The Wolfsonian-FIU will present, beginning on Thursday, April 7, “Rewriting the World: Primers and Poetry in the Age of Confusion,” a new exhibition organized by curatorial research assistant Matthew Abess that will be on view through June 5 in the museum’s Rare Book and Special Collections Library Vestibule.

Drawing on the Wolfsonian’s holdings of rare books from the early 20th century, the selection of materials represents a range of attempts to define the contours of everyday life through renovations of language. Whether a motorcar marketing booklet, a literacy manual for non-native speakers, or a poem comprised of innovative typography and non-sense sounds, these works emerged from certain social and political agendas. The exhibition surveys the ways in which such agendas are inscribed in the rudiments of language – set into speech and written into thought.

The exhibition includes evangelical alphabet primers, National Socialist toothpaste pamphlets, Czech photo-texts, typographic fairytales and end-of-the-world scenarios filmed by the angel of Notre Dame.

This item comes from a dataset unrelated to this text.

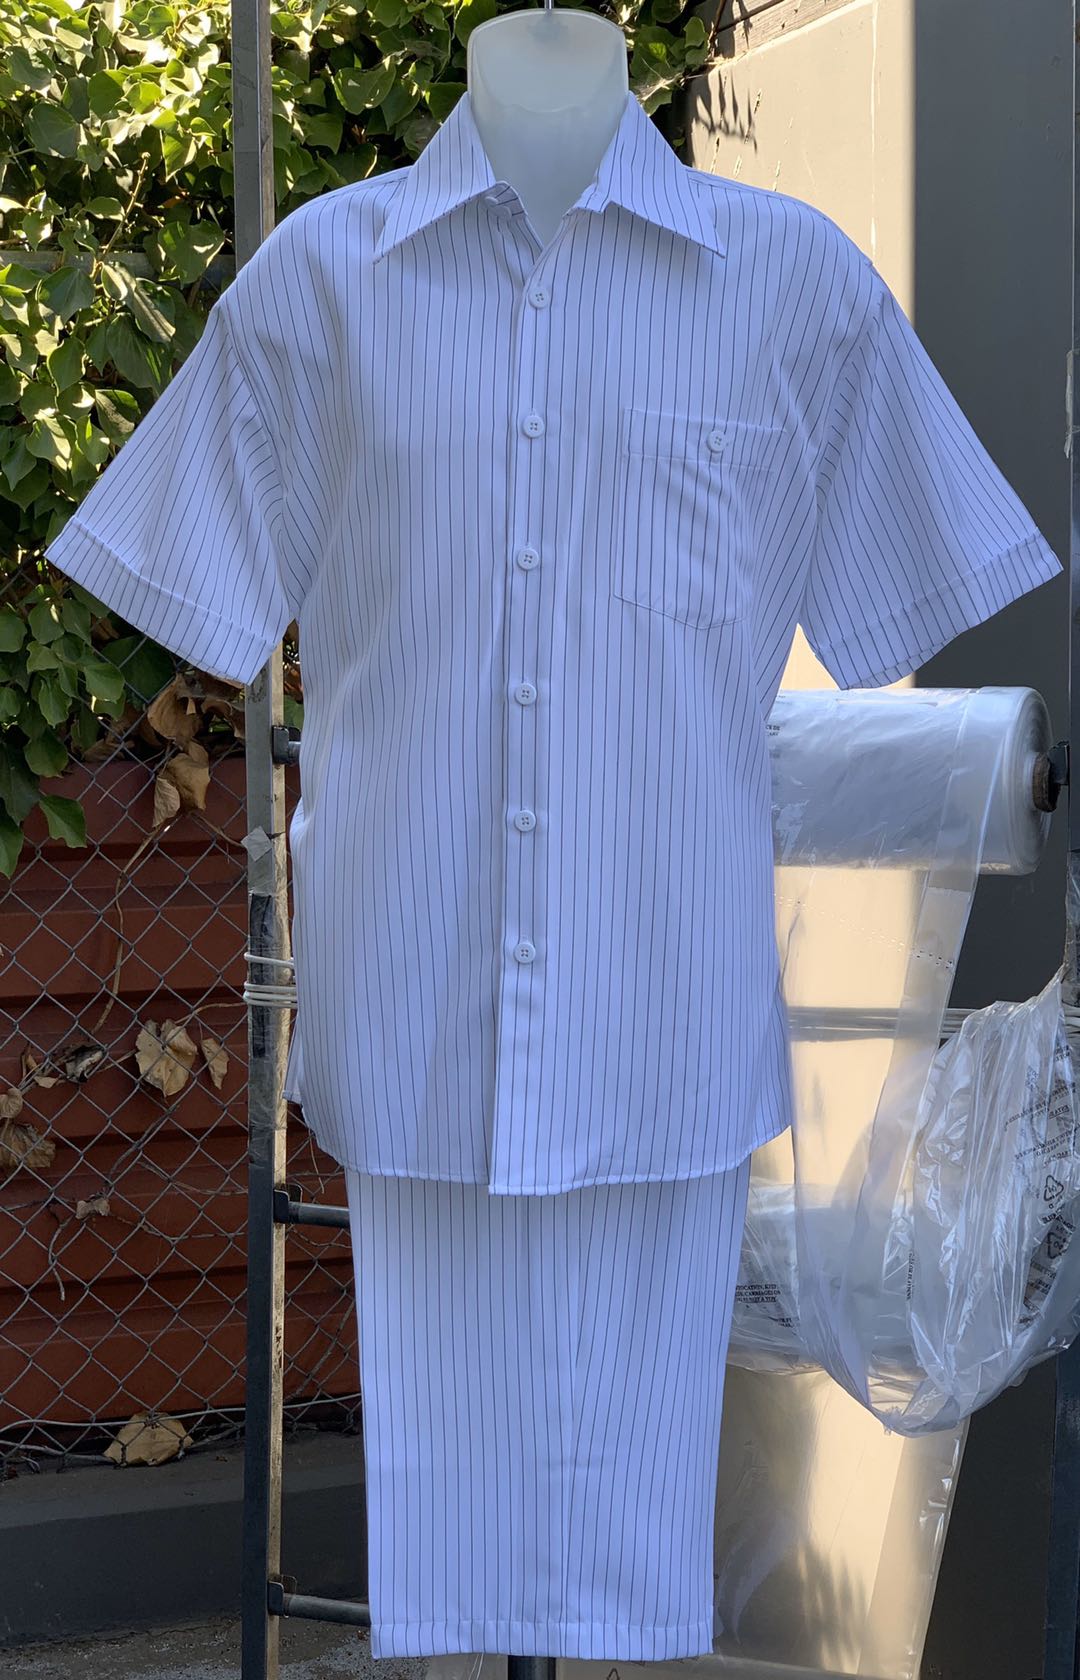 Brilliant Stripes Short Sleeve 2pc Walking Suit Shorts Set - White/Black

Book, "La Fin du Monde, Filmée par l’Ange N.-D." ("The End of the World, Filmed by the Angel N.-D.") by Blaise Cendrars, 1919. Illustrated by Fernand Léger (French, 1881–1955). Published by Éditions de la Sirène, Paris. The Wolfsonian–FIU, The Mitchell Wolfson Jr. Collection, 84.2.615.

“For the writers, designers and even corporations behind these works, the transformation of everyday life was something to be achieved by linguistic means, and especially by the transformation of language itself,” said Abess. “At their most effective, these efforts to initiate readers into certain visions of the present and future are well concealed. This exhibition aims to make them manifest.”

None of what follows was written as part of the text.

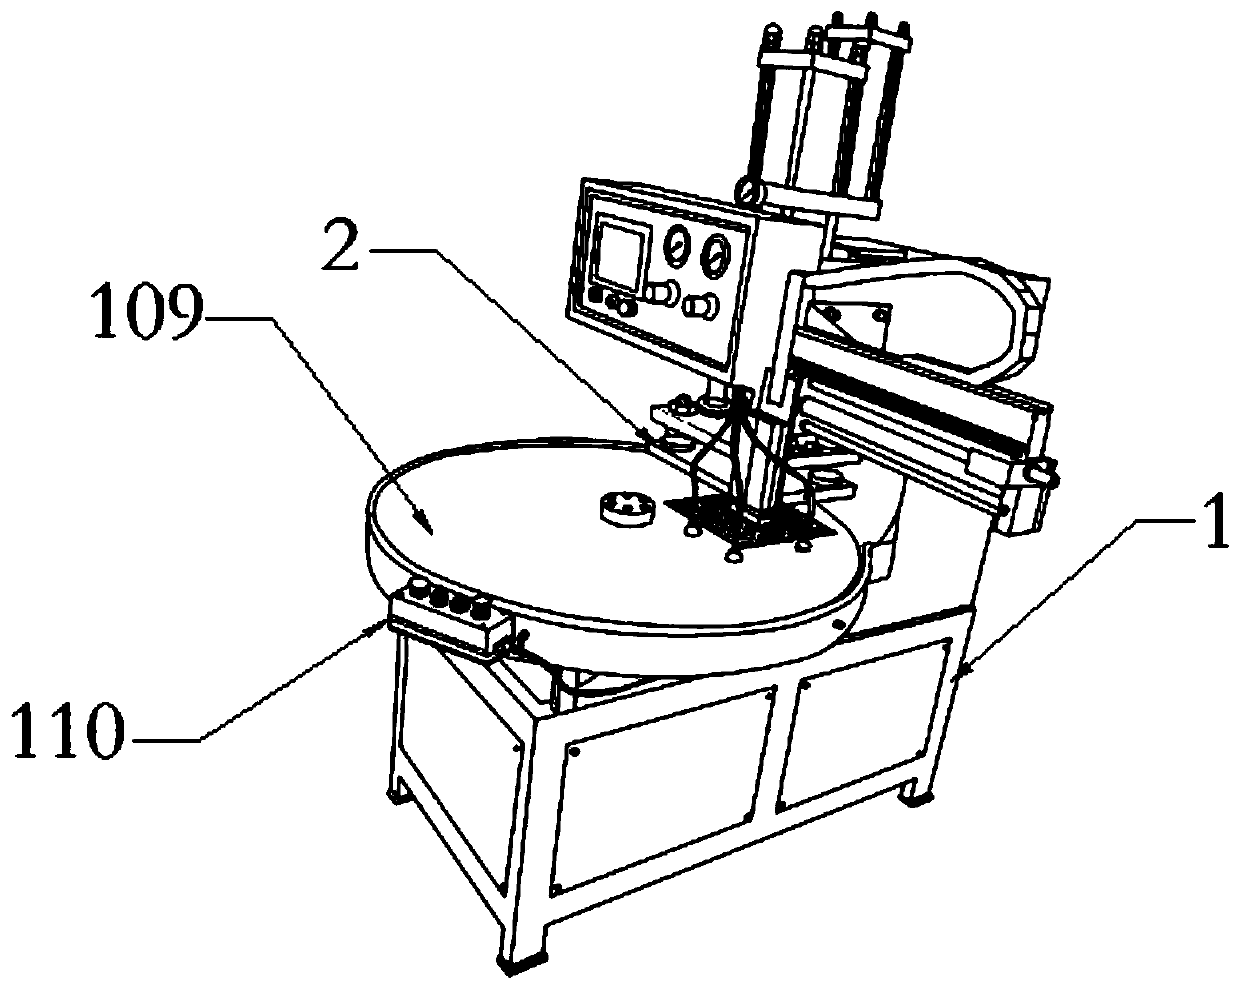 Working principle of automatic cutting machine

The exhibition is organized in response to the stated mission of the O, Miami poetry festival that every single person in Miami-Dade County encounter a poem during the month of April. Following this call for encounters, The Wolfsonian-FIU also will project Abeceda (2000) in its street front windows from nightfall to sunrise beginning on April 7. The film recreates the Liberated Theater’s performance of “Abeceda” – an icon of Czech avant-garde poetry, dance, and constructivist design – using the 1926 “photo-text” publication as its visual guide.

In conjunction with the exhibition and in collaboration with independent curator Brett Fletcher Lauer, the Wolfsonian also has invited five contemporary writers to contribute original postcard poems written through the themes in “Rewriting the World.” The postcards will be distributed in the museum and also will be used in O, Miami’s international call for mail art, a part of the Abe’s Penny Live installations at ArtSeen, where visitors will be sending the postcards to writers and curators internationally as well as to random addresses throughout Miami-Dade County.